The Basic Heuristics for Redundancy

(a) Determine the minimum setup and identify all components that can fail individually.
(b) For each failure, what would be the impact to the entire system.
(c) Determine an N+1 or N+2 configuration that might address the concern.

One View of Failure Cases - GS

Minimum setup: 150 x XOs
XS w/3 x Active Antennas
Squid Server
Wireless AP/Router

Failure cases:

1 - XO fails
Recovery Actions
- Restore image via USB
- Restore user generated content from XS?

Impact During Downtime
Single student down for some time and may need admin help.

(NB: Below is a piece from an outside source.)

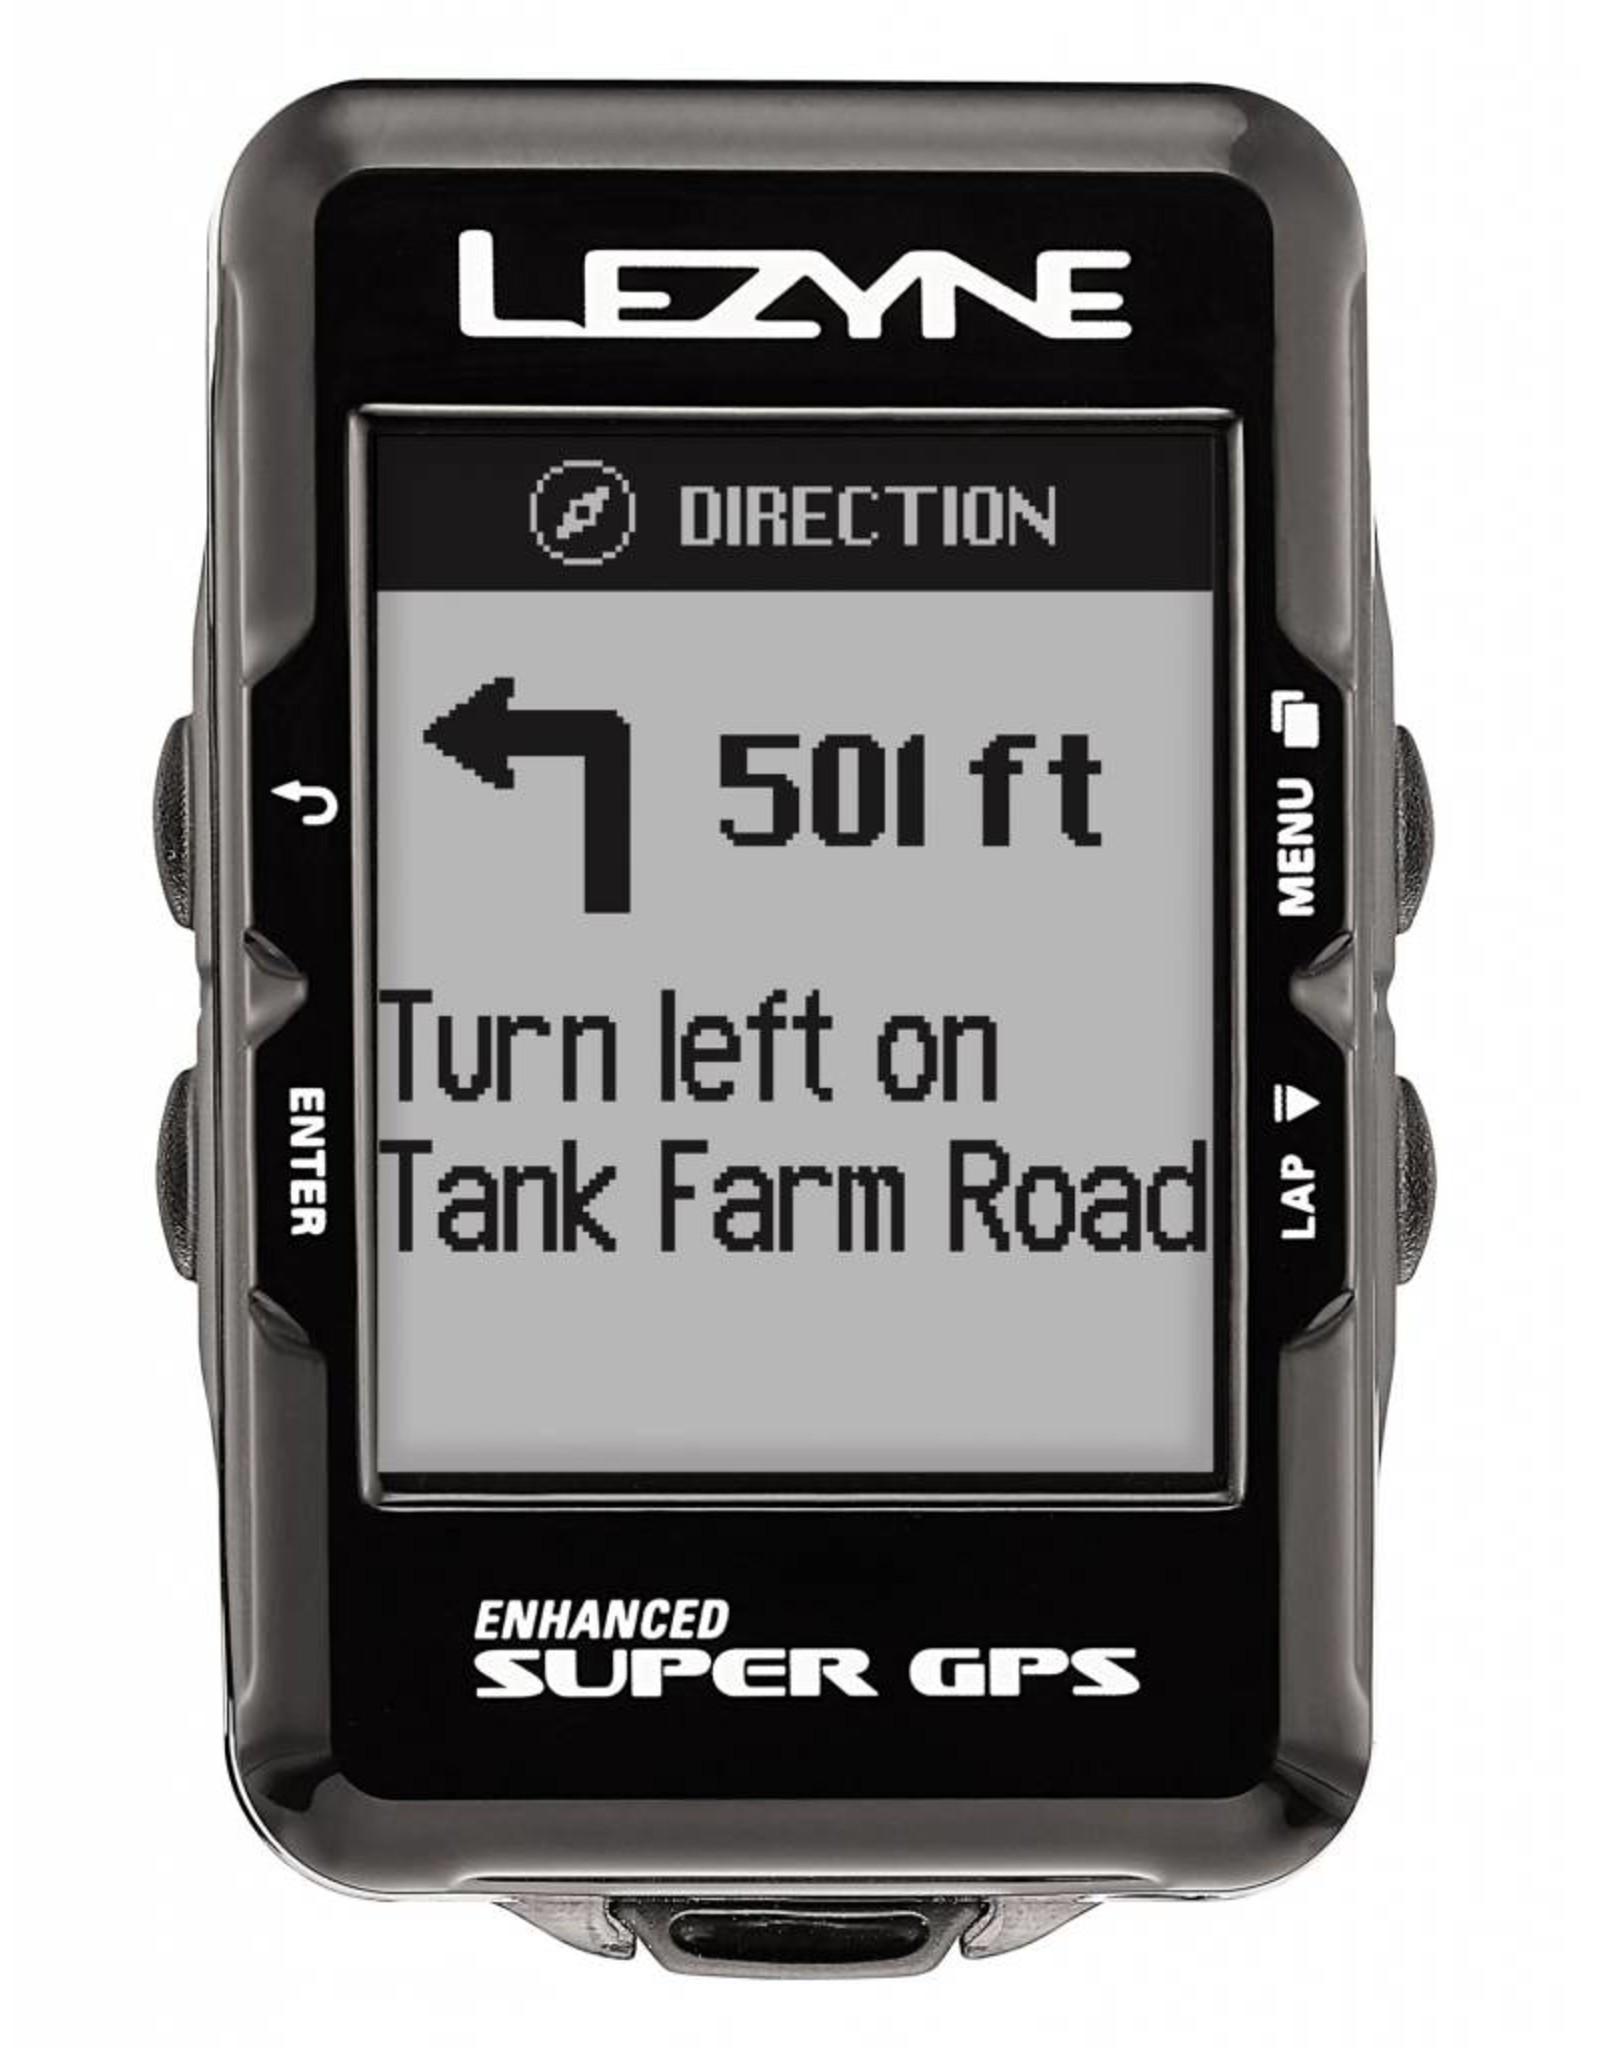 Lezyne Lezyne Super GPS Cyclocomputer Unit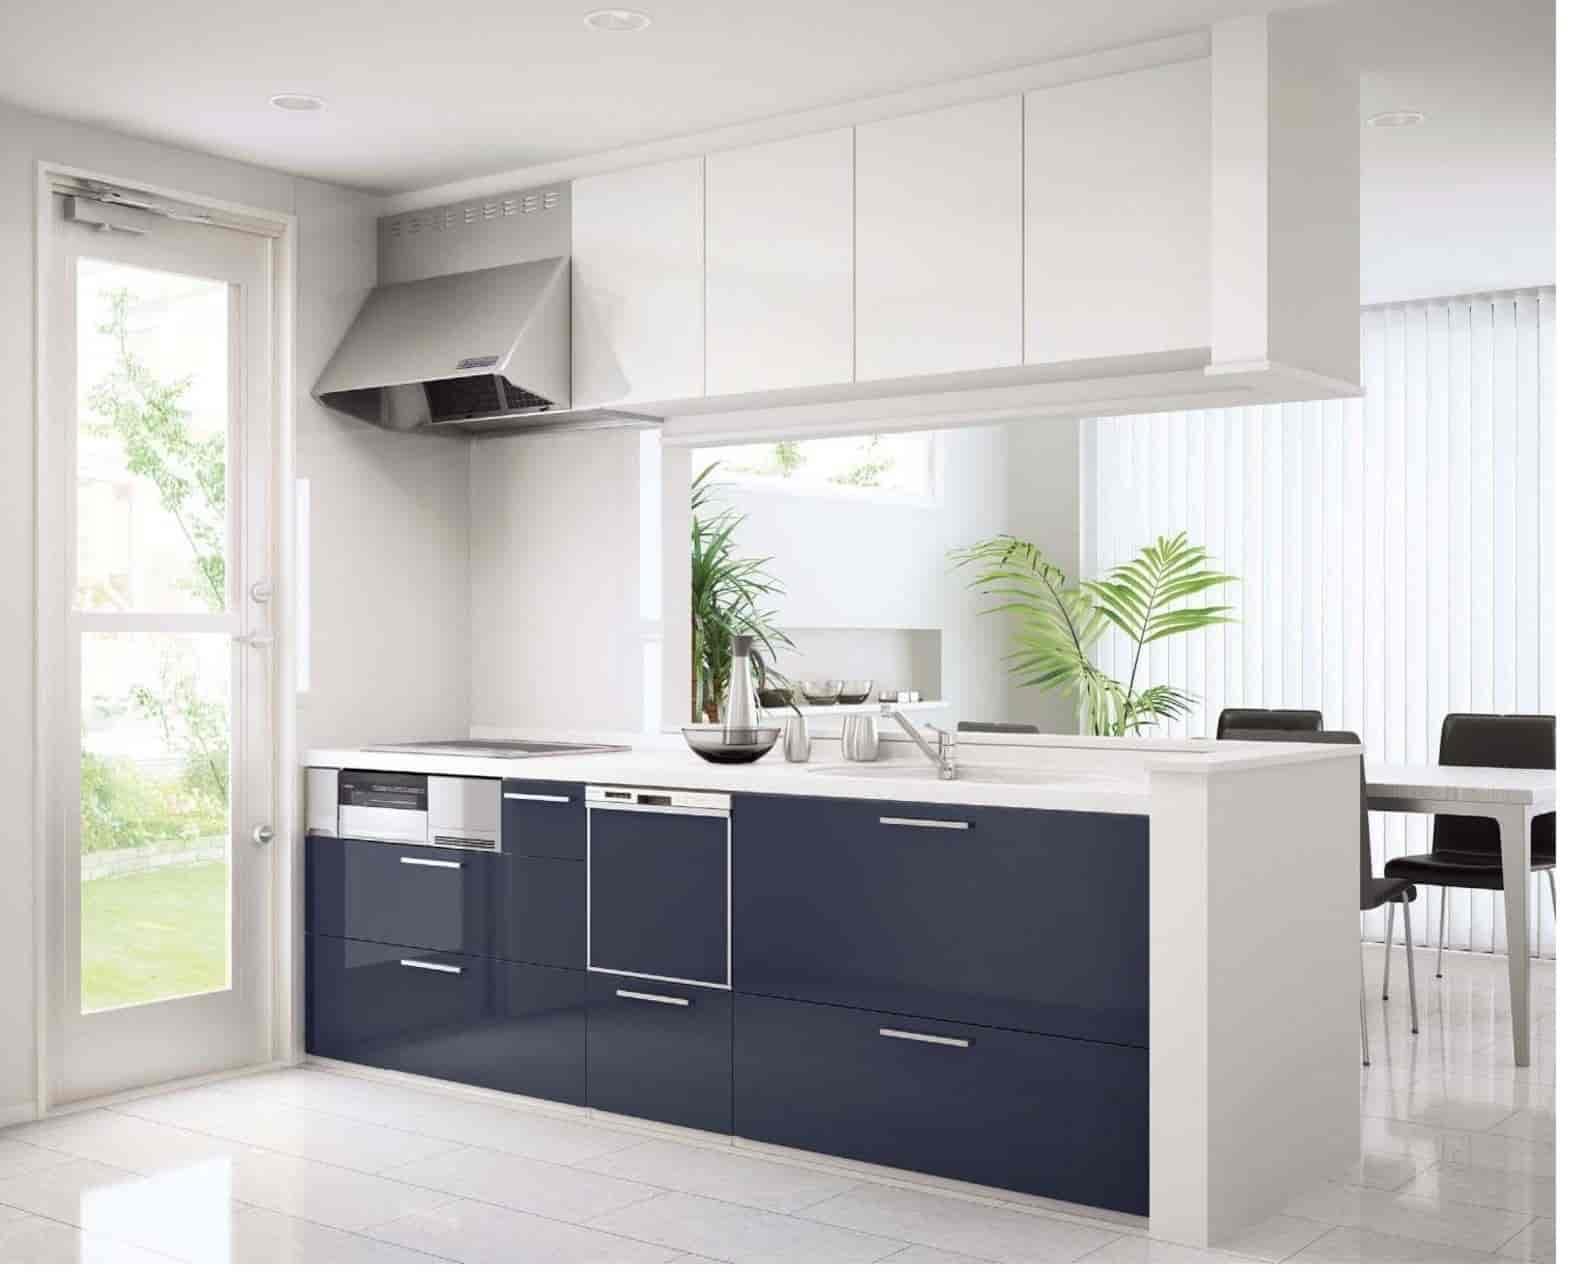 N Makkana Steel Art And Modular Kitchen And Interior Photos, New ...

2 - XS fails completely or offline
Recovery Actions
- Manually bring online backup XS with identical image.

Impact During Downtime
- Mesh stays up?
- Off the Internet
- All activities local (eToys only, no web sites)

3 - Squid box fails
Recovery Actions
- Update XS routing table to reach internet directly?
- Bring up backup Squid box?
- Shutdown internet access but leave moodle online?

Impact During Downtime
- All internet offline
- Admin intervention needed
- Moodle and local eToys only

4 - Wireless AP/Router Fails Recovery Actions
- Backup Wireless AP/Router?
- Connect XS or Squid box directly to DSL Modem?

Impact During Downtime
- All internet offline
- Admin intervention needed
- Moodle and local eToys only

5 - Mesh overload until mesh offline
Recovery Actions
- Take down mesh (how?)
- Associate XOs directly with wireless AP/router (how? prebuilt script or kids click on something?)
-- If wireless/AP takes over, change wireless router gateway to go back to Squid and XS before going over WAN

Impact During Downtime
- XOs offline from each other and the internet - Admin intervention needed
- Local eToys only

Individual XO's

  • LiveCD+USB w/ correct image and settings
  •  ?Possible to restore over the network?
  • Need way to XS_backup_restore backup and restore individual student files
  • Need extra XO's for teachers, at least N + 1 where N is the # of teachers
  • How many extra XO's for kids?

Active Antennas

  • Need 3 antennas
  • 1 active antenna per 100 students
  • 2 antennas in use

?How many clients can an active antenna support?


School Server

There should be two School Servers, one for the 2nd grade class, and one for the 6th grade class. They should mirror each other.

  • Disk Failure
    • LiveCD + USB stick
    • Possibly use Fedora's LVM for disk mirroring
  • CPU failure
    • Have spare cpu fan on hand
    • Have spare School Server on hand
  • System Backups?

Library Server

  • Need backup Library server that mirrors the production Library Server

NOTE: The Library Server will be in a centralized location


Internet Connection

Need some kind of commitment from local ISP for both support and service levels

Power

Monitoring

  • Nagios for remote monitoring of Internet connection?
  • Another tool to report system usage for the school server? ZENOSS?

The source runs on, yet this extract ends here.